Zero Hours Justice is a non party political campaign that aims at regulating fair working practises in the UK, concentrating on eradicating Zero-Hour Contracts. This campaign is backed by the Trade Union Congress (TUC).The organisation was recognised and supported by an Early Day Motion in Parliament.

History

Zero Hours Justice was created by a coalition of citizens concerned about the effect of zero-hour contracts on financial and emotional wellbeing, especially during the outbreak of the worldwide Covid pandemic. This campaign was founded by Julian Richer in 2020. Julian is the author of The Ethical Capitalist.

The campaign President is Ian Hodson, who is also President of the Bakers, Food and Allied Workers Union.

Zero Hours Justice was launched with the aim of ending zero-hours contracts, where unilaterally imposed on a worker against their will.
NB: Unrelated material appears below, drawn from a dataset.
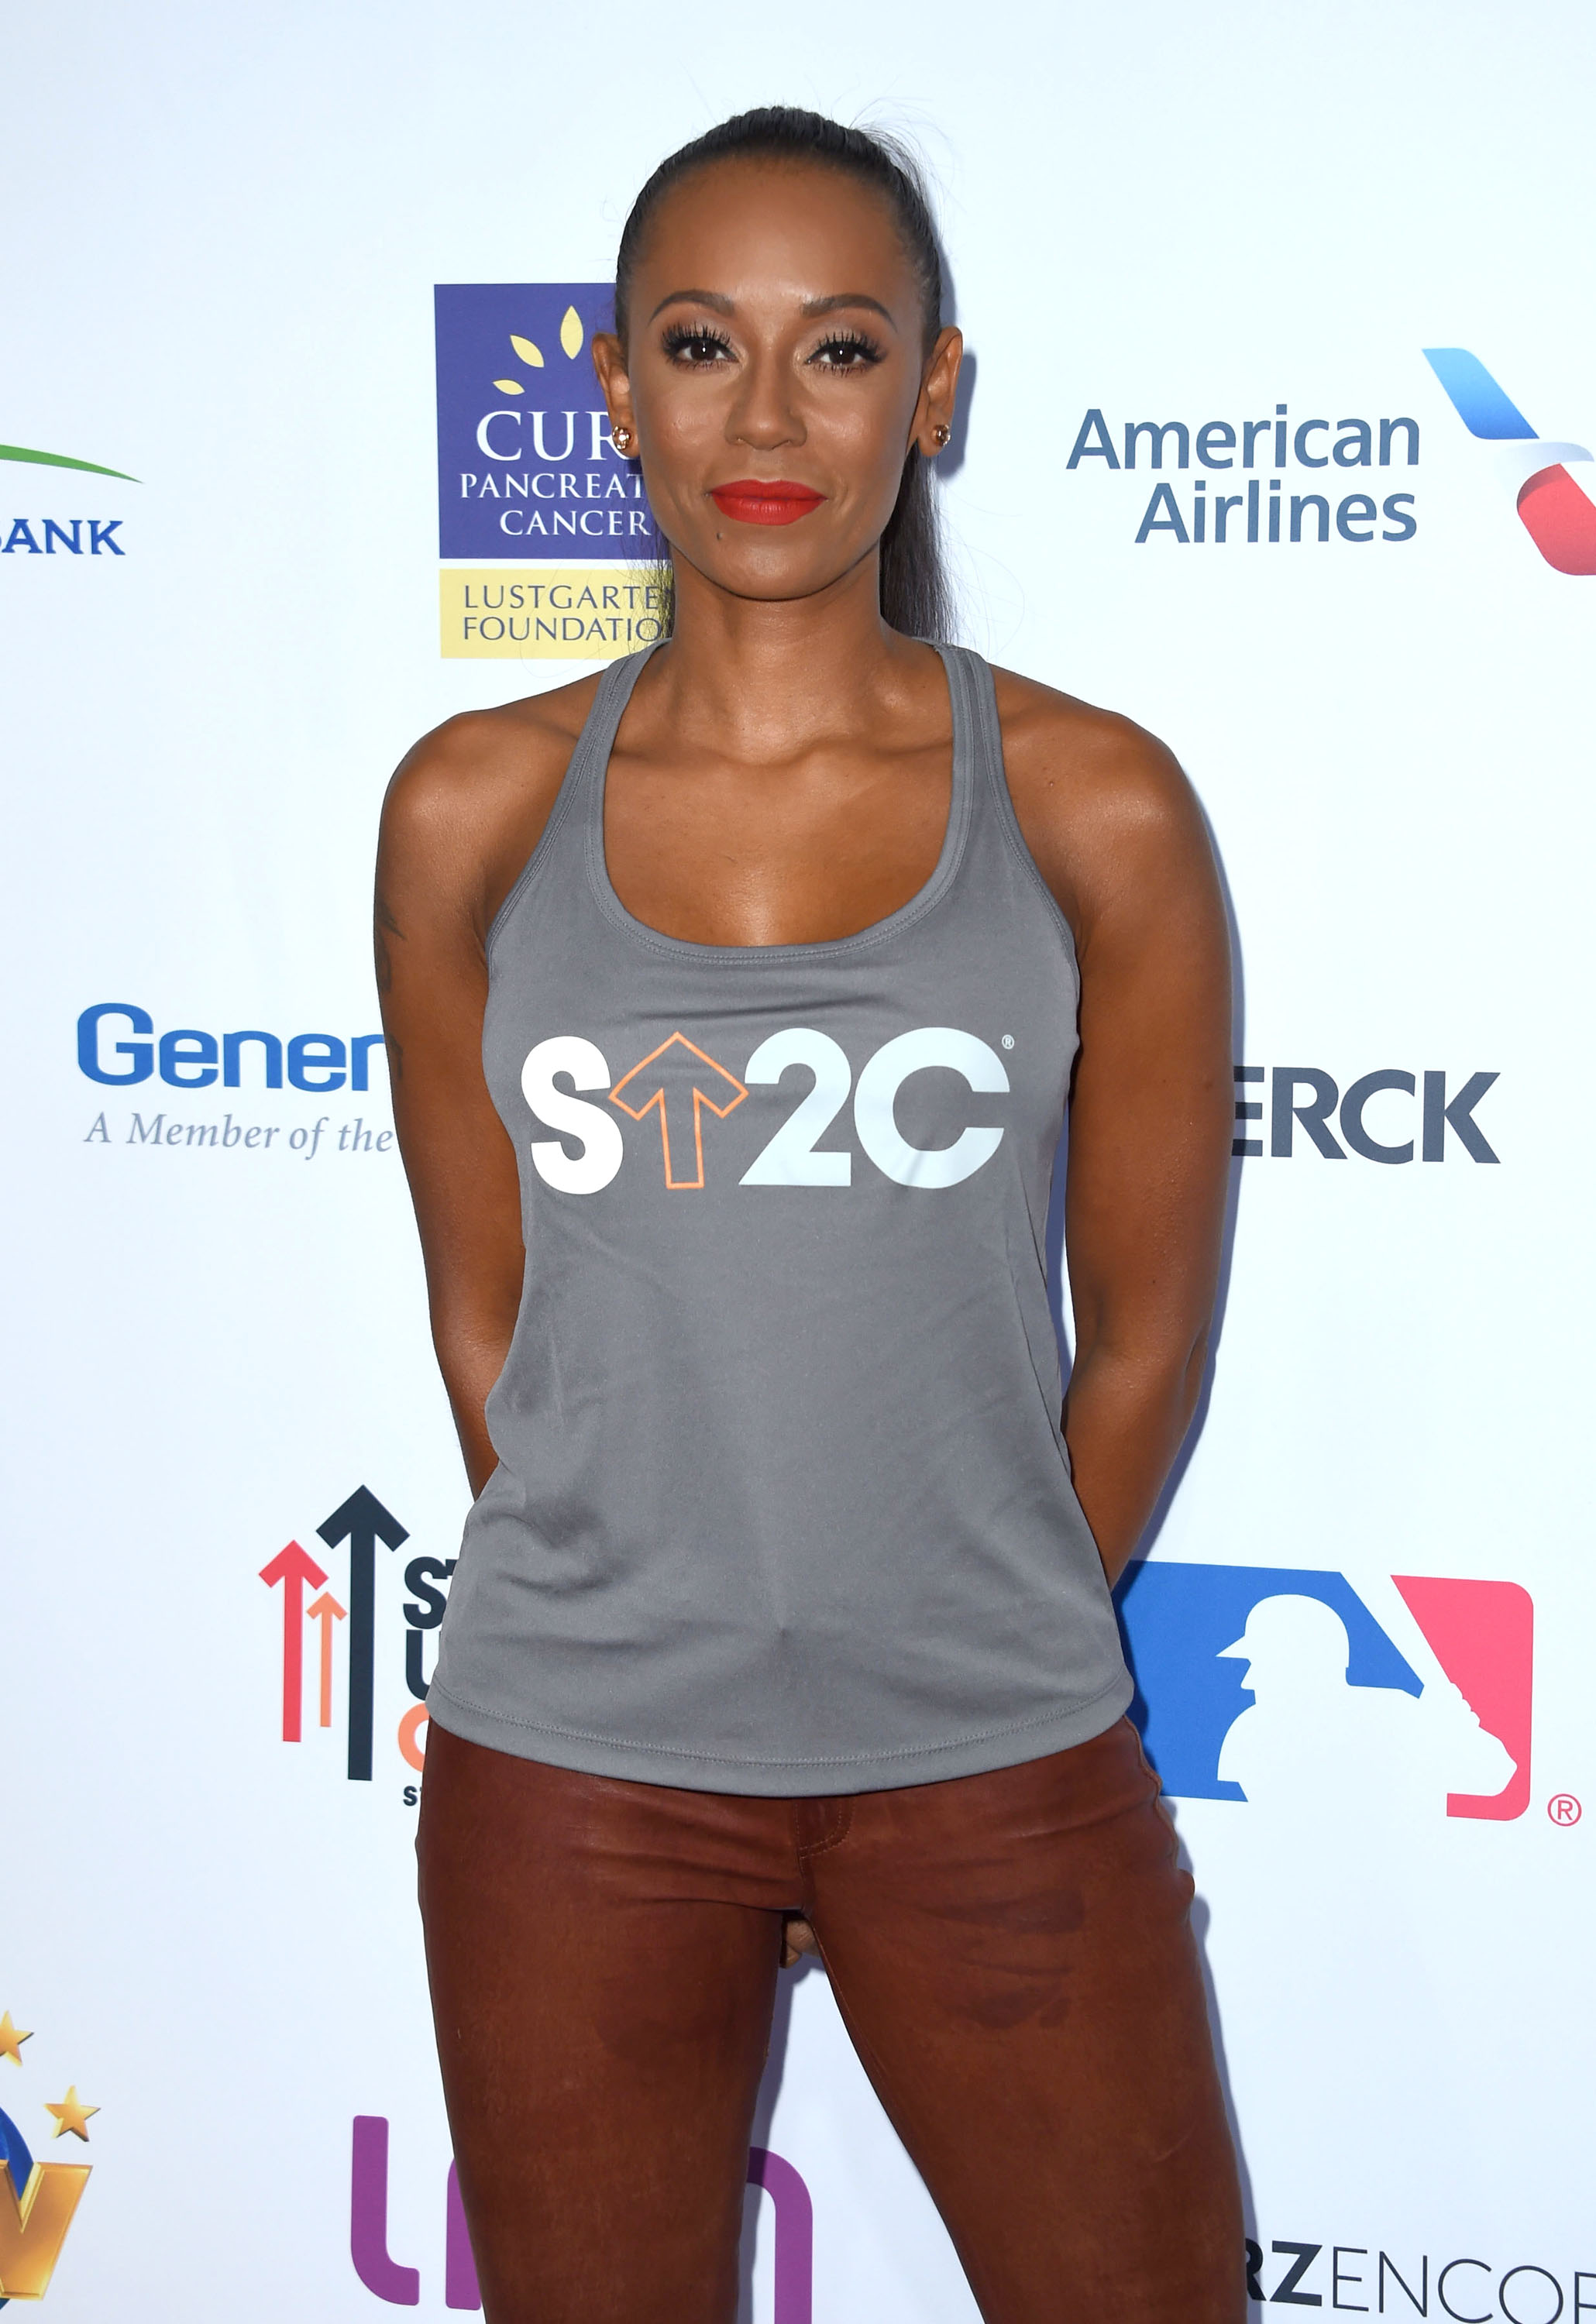 Melanie Brown attends Hollywood Unites for the 5th Biennial Stand Up To Cancer

In due course, several prolific people joined this cause such as Peter Stefanovic, Declan Owens, Damien Morrison and Pravin Jeyaraj. In 2021, Chris Peace joined as Campaign Director.

Zero Hours Justice focuses on campaigning against the use of zero hours contracts. In 2022 they launched their free Accreditation Scheme to promote employers who don't use zero hours contracts, or, if they do, only use them in accordance with the campaign's minimum criteria.

This campaign also offers free help and support to the people affected by zero-hour contracts, providing legal information and advice through a telephone helpline, email and website. The campaign also empowers people by circulating necessary information regarding zero hour contracts and promoting healthy working environments.

Media Coverage

Zero Hours Justice has worked with a number of media outlets to promote its campaign and raise awareness of the plight of zero hours workers, including: Channel 4's Dispatches (TV programme), Good Housekeeping, and Daily Record (Scotland).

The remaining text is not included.